▸ Dataset extract
○ ○ ○ ○ ○

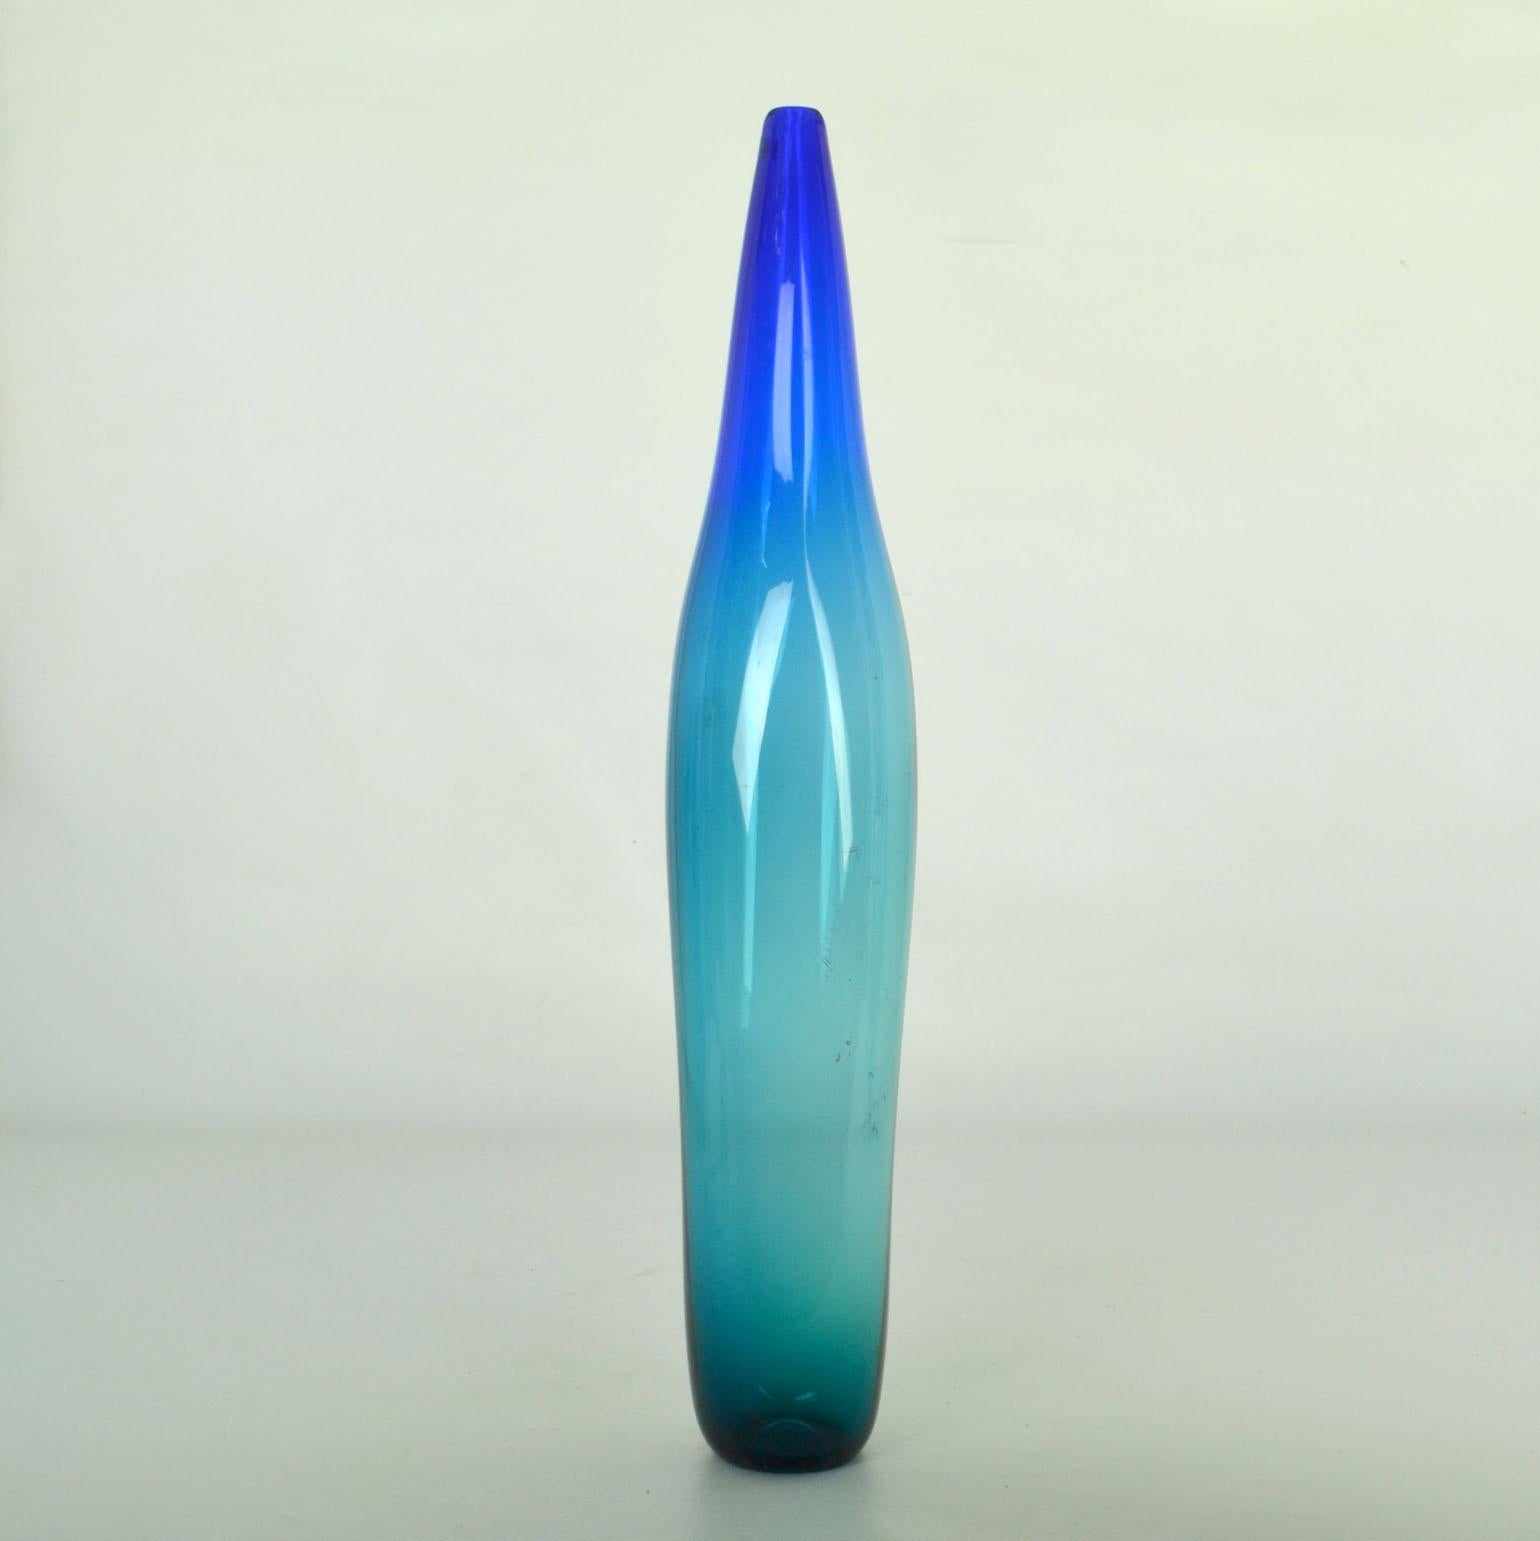 Set of two blue vases by Floris Meydam and Siem van de Marel is the designer at Leerdam glass works, The Netherlands. 
Tall art vase with over flowing colours two colored vase, designed by Floris Meydam for Glass Factory Leerdam, 1960's.
Glass
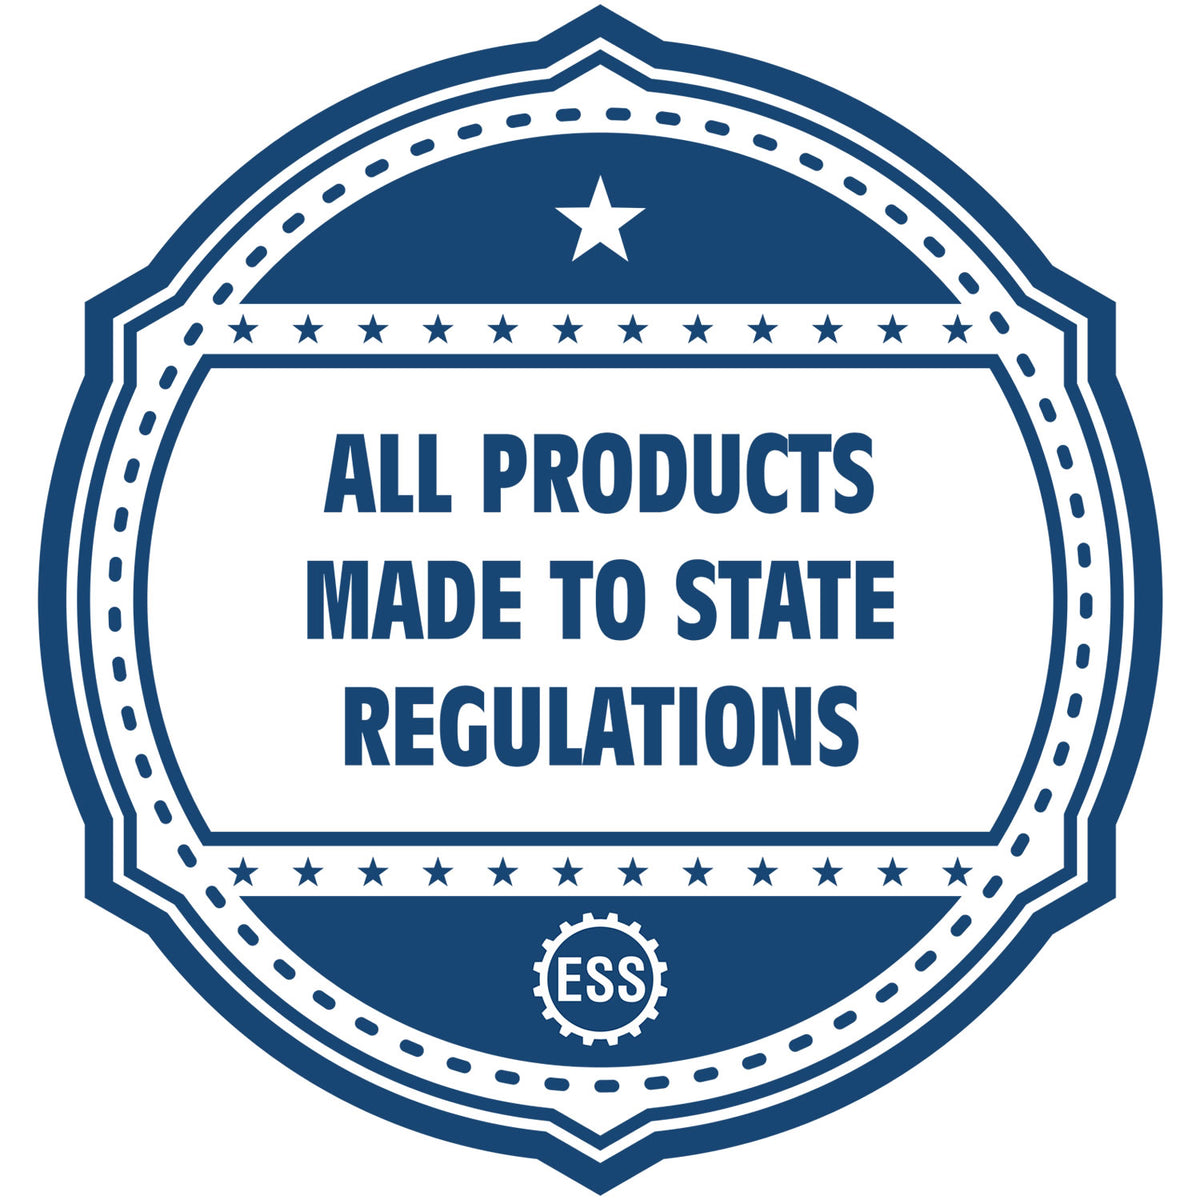 An icon or badge element for the Soft Pocket West Virginia Landscape Architect Embosser showing that this product is made in compliance with state regulations.

○ ○ ○ ○ ○

▸ Problem
Word for word, output the whole listing, but not its pictures.

▸ Completed task
 Set of two blue vases by Floris Meydam and Siem van de Marel is the designer at Leerdam glass works, The Netherlands. 
Tall art vase with over flowing colours two colored vase, designed by Floris Meydam for Glass Factory Leerdam, 1960's.
Glass
 An icon or badge element for the Soft Pocket West Virginia Landscape Architect Embosser showing that this product is made in compliance with state regulations.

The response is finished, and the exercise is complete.